The autosomal recessive motor neuron disease proximal SMA is the most common inherited cause of infant mortality world wide. Motor neuron degeneration causes profound skeletal muscle weakness of proximal limb, trunk, and respiratory muscles. SMA is caused by recessive mutations of the survival motor neuron 1 (SMN1) gene, retention of the SMN2 gene in variable copy number, and deficiency of SMN protein. Disease severity in patients correlates inversely with SMN2 copy number and SMN expression. The SMN protein plays an essential role in synthesizing small nuclear ribonuclear proteins (snRNPs), which are critical components of the spliceosome, but how deficiency of this ubiquitously expressed protein causes specific vulnerability of motor neurons remains unknown.

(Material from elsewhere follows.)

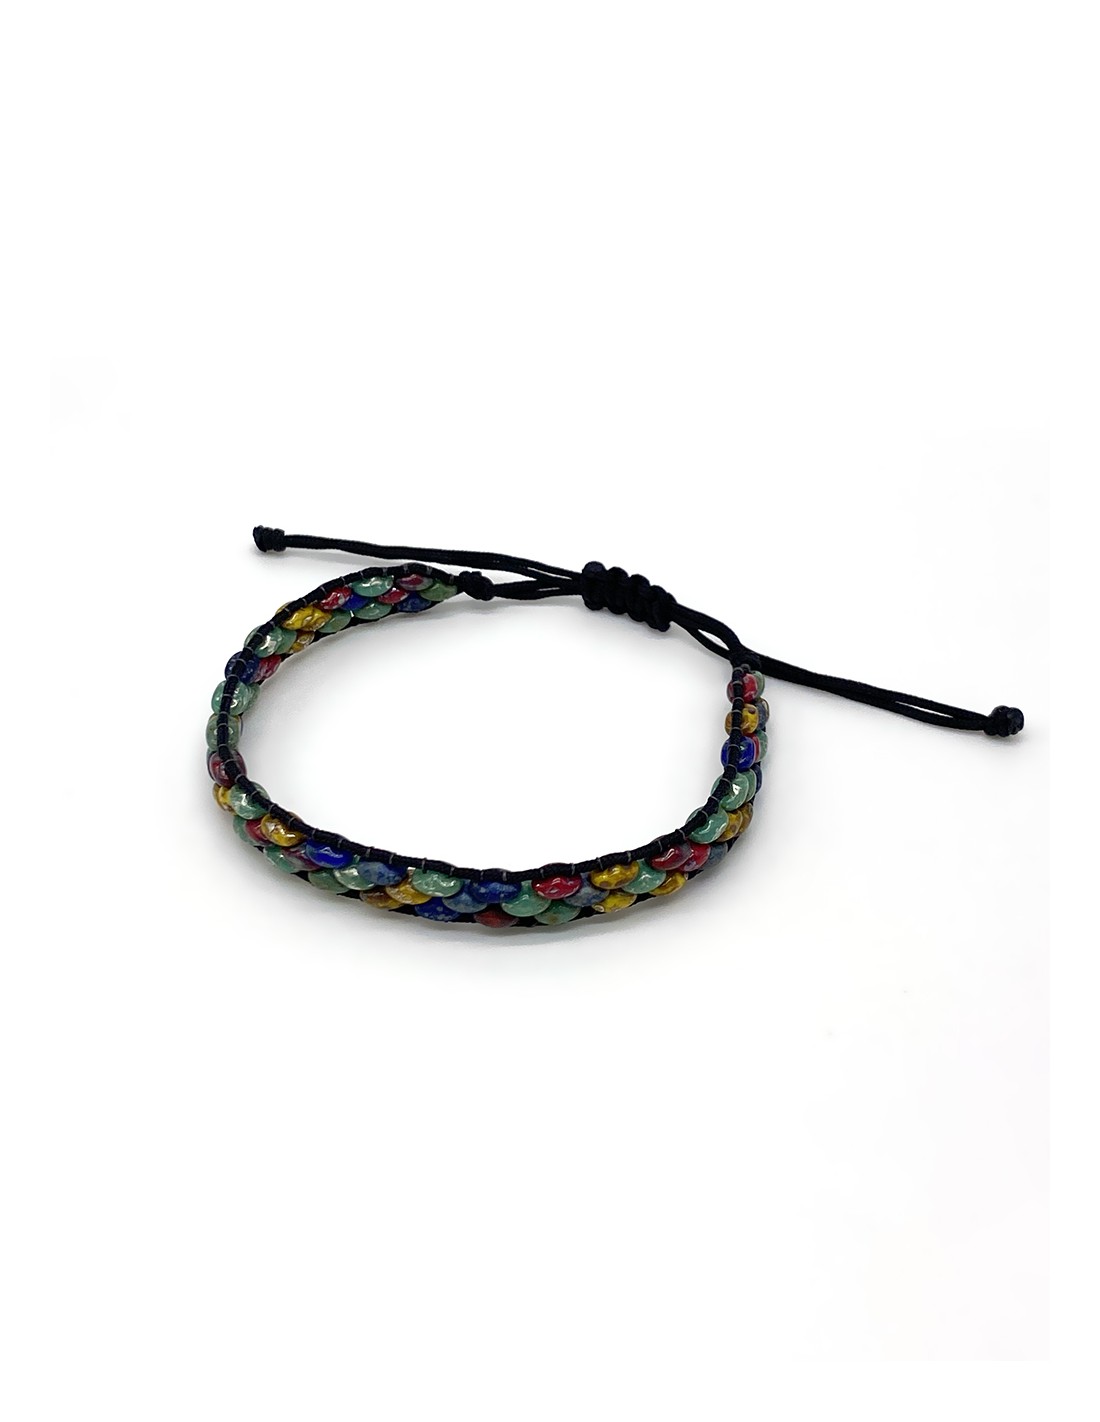 Zosimi Beads - Superduo Bracelet - Carnival

Defining mechanisms regulating SMN expression   

SMA is caused by deficient expression levels of SMN protein, thus understanding the mechanisms that regulate SMN transcription and translation are central to developing and optimizing treatments.  We have demonstrated that SMN levels decline during development (Ramos, JCI 2019) and have characterized epigentic mechanisms that may regulate transcription during neuronal differentiation including histone acetylation and long noncoding RNAs (lncRNAs) (d'Ydewalle, Neuron 2017). We are also studying mechanisms regulating SMN mRNA metabolism including stability, trafficking, and pre-mRNA splicing.


Investigating the molecular and cellular mechanisms of SMA

In order to understand how SMN protein deficiency causes motor neuron dysfunction and degeneration, we study molecular, cellular, and physiological disease pathomechanisms. Over the last decade, we have defined abnormalities of both neuromuscular junction and central motor synapse elaboration and function as well as impairments of myofiber growth. Our most recent studies in human patients and SMA mouse models identify a striking impairment of motor axon radial growth and Schwann sorting that begins in utero and is followed by rapid degeneration of the most immature axons postnatally (Kong et al, Science Transl Med, 2020).  These findings have immediate implications for efforts to minimize treatment delays of patients. Additionally, understanding the molecular mechanisms

underlying developmental delays as well

as degenerative events could lead to novel

therapeutics.  We are currently defining

these mechanisms by integrating unbiased

'omicsstudies with deep phenotyping

studies of human tissues collected during

expedited autopsies, morphological and

genetic studies in mouse models using 

approaches such as electron microscopy

and iDISCO (allowing visualization of the entire nervous system in 3D after tissue clearing), and structural and physiological studies of iPSC derived motor neurons cultured in novel compartmentalized chambers.  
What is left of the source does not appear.